2021-08-17 06:37:20

by Ahmad Fatoum

[permalink] [raw]
Subject: [PATCH] brcmfmac: pcie: fix oops on failure to resume and reprobe

When resuming from suspend, brcmf_pcie_pm_leave_D3 will first attempt a
hot resume and then fall back to removing the PCI device and then
reprobing. If this probe fails, the kernel will oops, because brcmf_err,
which is called to report the failure will dereference the stale bus
pointer. Open code and use the default bus-less brcmf_err to avoid this.

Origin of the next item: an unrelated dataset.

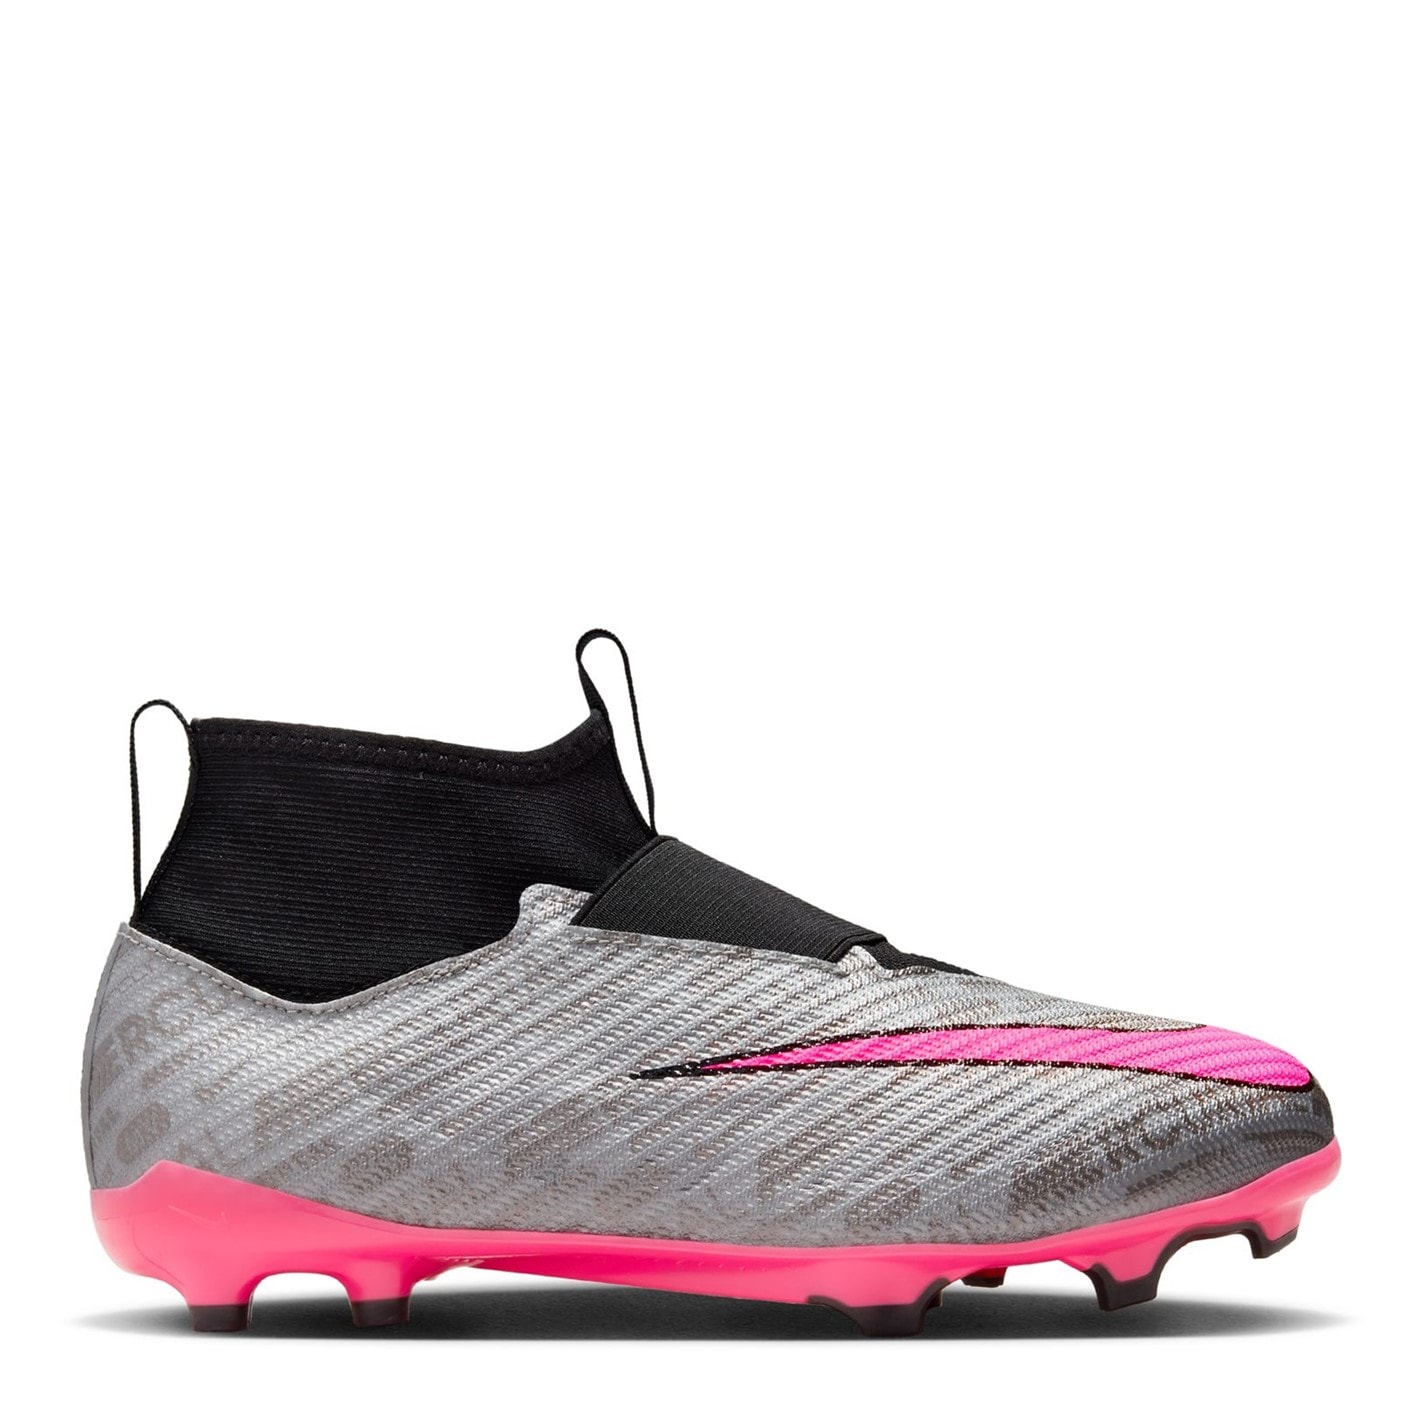 Ghete de fotbal Nike Mercurial Superfly Pro DF FG pentru copii argintiu roz negru

Signed-off-by: Ahmad Fatoum <[email protected]>
---
To: Arend van Spriel <[email protected]>
To: Franky Lin <[email protected]>
To: Hante Meuleman <[email protected]>
To: Chi-hsien Lin <[email protected]>
To: Wright Feng <[email protected]>
To: Chung-hsien Hsu <[email protected]>
Cc: [email protected]
Cc: [email protected]
Cc: [email protected]
Cc: [email protected]
Cc: Kalle Valo <[email protected]>
Cc: Jakub Kicinski <[email protected]>
Cc: "David S. Miller" <[email protected]>
Cc: [email protected]
---
drivers/net/wireless/broadcom/brcm80211/brcmfmac/pcie.c | 2 +-
1 file changed, 1 insertion(+), 1 deletion(-)

diff --git a/drivers/net/wireless/broadcom/brcm80211/brcmfmac/pcie.c b/drivers/net/wireless/broadcom/brcm80211/brcmfmac/pcie.c
index 9ef94d7a7ca7..d824bea4b79d 100644
--- a/drivers/net/wireless/broadcom/brcm80211/brcmfmac/pcie.c
+++ b/drivers/net/wireless/broadcom/brcm80211/brcmfmac/pcie.c
@@ -2209,7 +2209,7 @@ static int brcmf_pcie_pm_leave_D3(struct device *dev)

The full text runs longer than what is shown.